Пастух на это ответил:

— Жадность — это не то, как человек относится к деньгам, наживает он их или теряет, здесь важно какой он сам по себе.

Мужчина в белых туфлях молча прислушивался.

— Неплохо бы нам всем вместе, — заключил алькарриец, — иметь столько, сколько у него одного. Уж мы бы сумели дать деньгам ход.

Чамарис сказал:

— Не в деньгах счастье.

— Может быть, а для жадины — меньше всего.

— Нет, в деньгах, счастье в деньгах, — сказал Лусио. — Я вот верю, что они могут принести счастье. А вот совесть, она такое счастье отвергает.

— Какая совесть? — спросил шофер. — Кому она нужна, коли в банке солидный вклад?

— Есть совесть, — сказал Лусио. — Где-то очень глубоко, но есть, хотя б ты и был ей не рад. Вроде червячка в яблоке.

Мужчина в белых туфлях утвердительно кивнул головой и сказал:

— Что верно, то верно. В самую точку.
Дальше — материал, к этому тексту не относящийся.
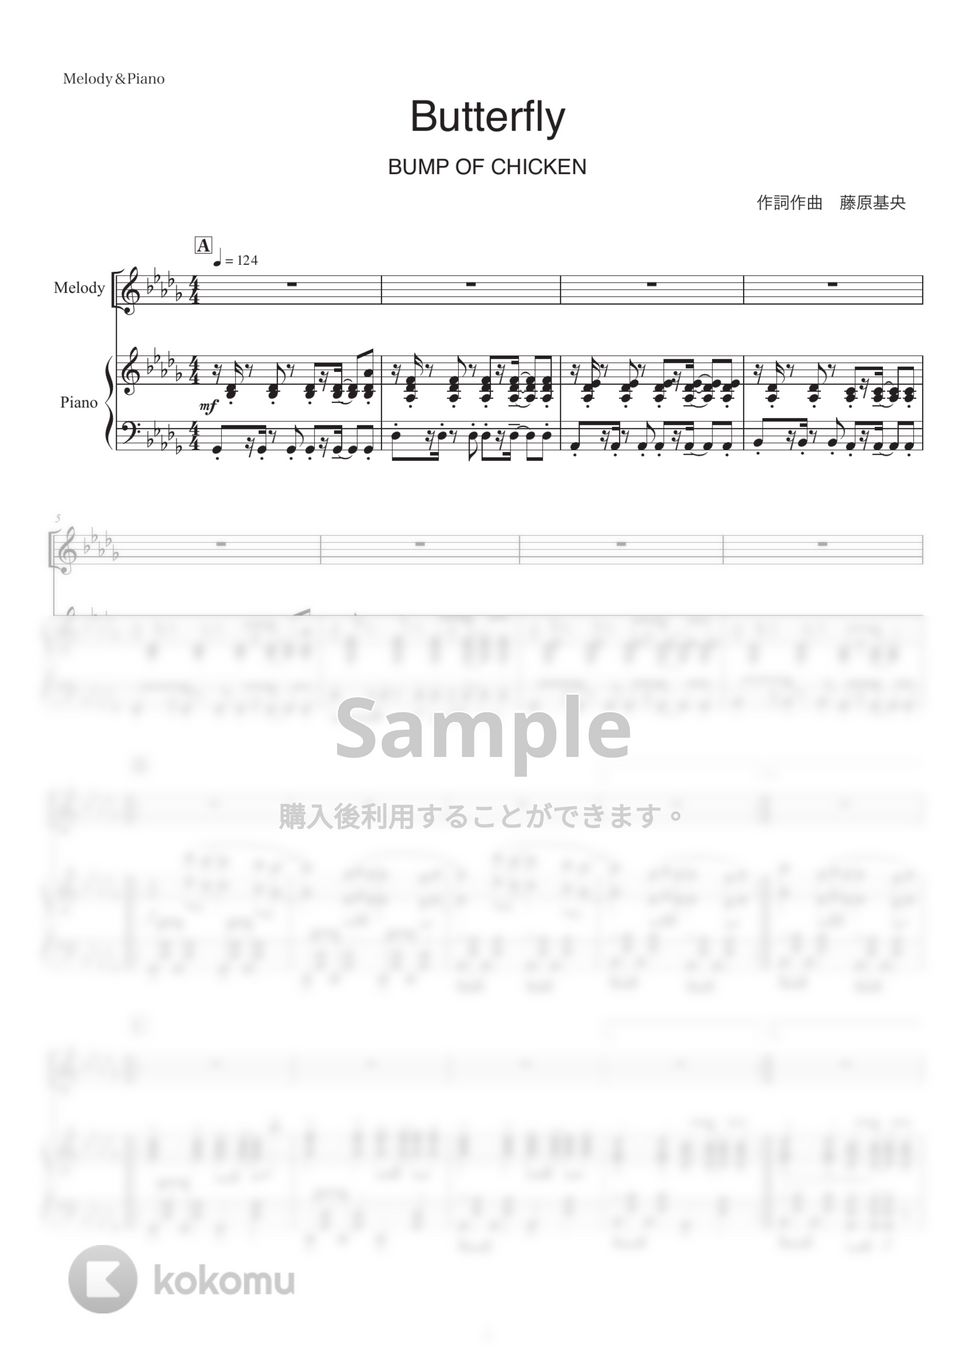 BUMP OF CHICKEN - Butterfly (ピアノ弾き語り) by otyazuke
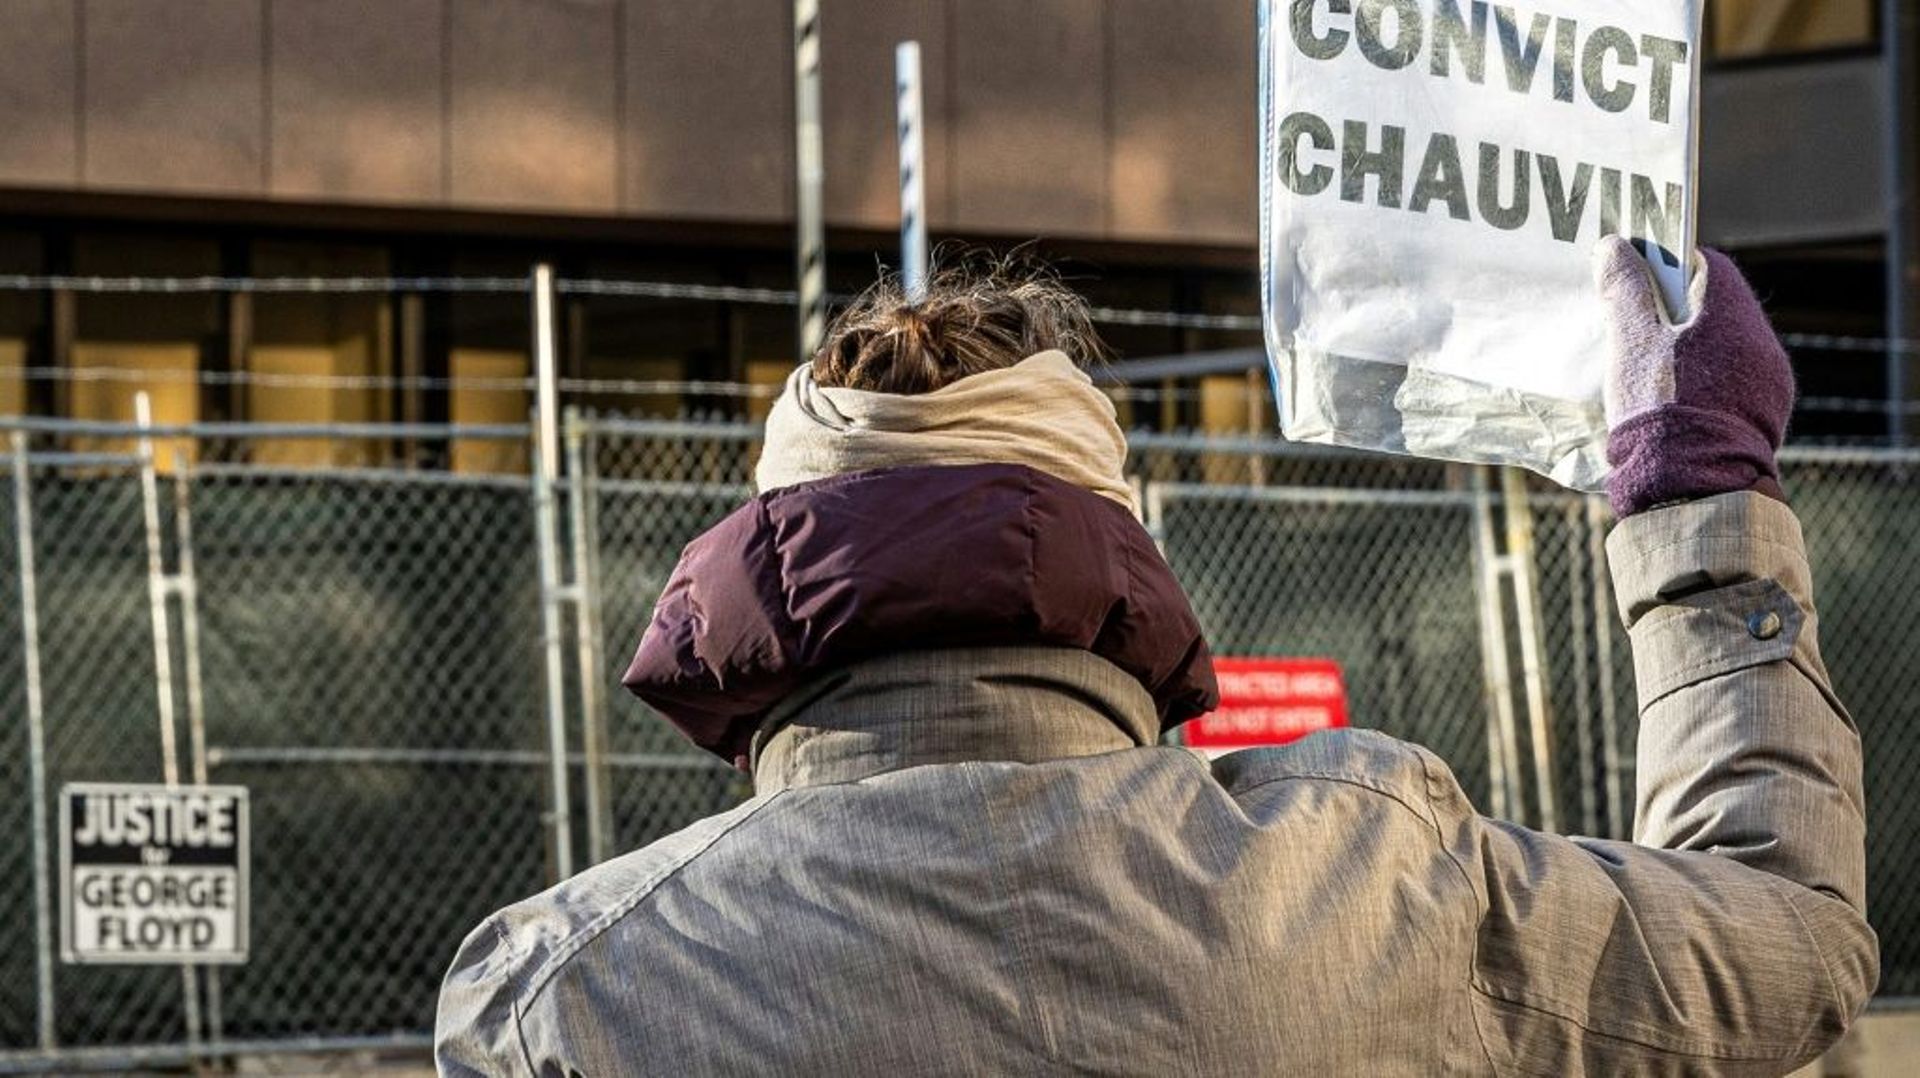 Une femme tient une pancarte avec l'inscription "Condamnez Chauvin" à l'extérieur du tribunal où se tient le procès de l'ex-policier accusé de la mort de George Floyd, à Minneapolis (Etats-Unis), le 31 mars 2021

Совесть — это червяк, который проточит что хочешь и проникнет куда угодно. Вредная тварь.

Он залпом выпил свой стакан. Маурисио слушал, скрестив руки на груди и прислонившись спиной к полкам. Маленький мясник подошел с рассеянным видом к столу, где играли в домино, и посмотрел на пригнувшегося Кармело, который весь ушел в игру. Махнув рукой, он сбросил на пол его форменную фуражку, висевшую на боковом штыре, торчавшем на спинки стула, и потом быстро присоединился к остальным. Но Кармело заметил и сказал:

— Не прячь руки за спину, я видел. Не надо так шутить. — Он подобрал с полу фуражку. — Не из-за меня и не из-за того, сколько эта вещь стоит, — он любовно очищал засаленный верх фуражки от пыли, снимая ее рукавом. — И не потому, что мне это досадно, не потому, что она стоит денег, а из-за того, что она представляет. Надо уважать муниципалитет. Над муниципалитетом шутить не надо.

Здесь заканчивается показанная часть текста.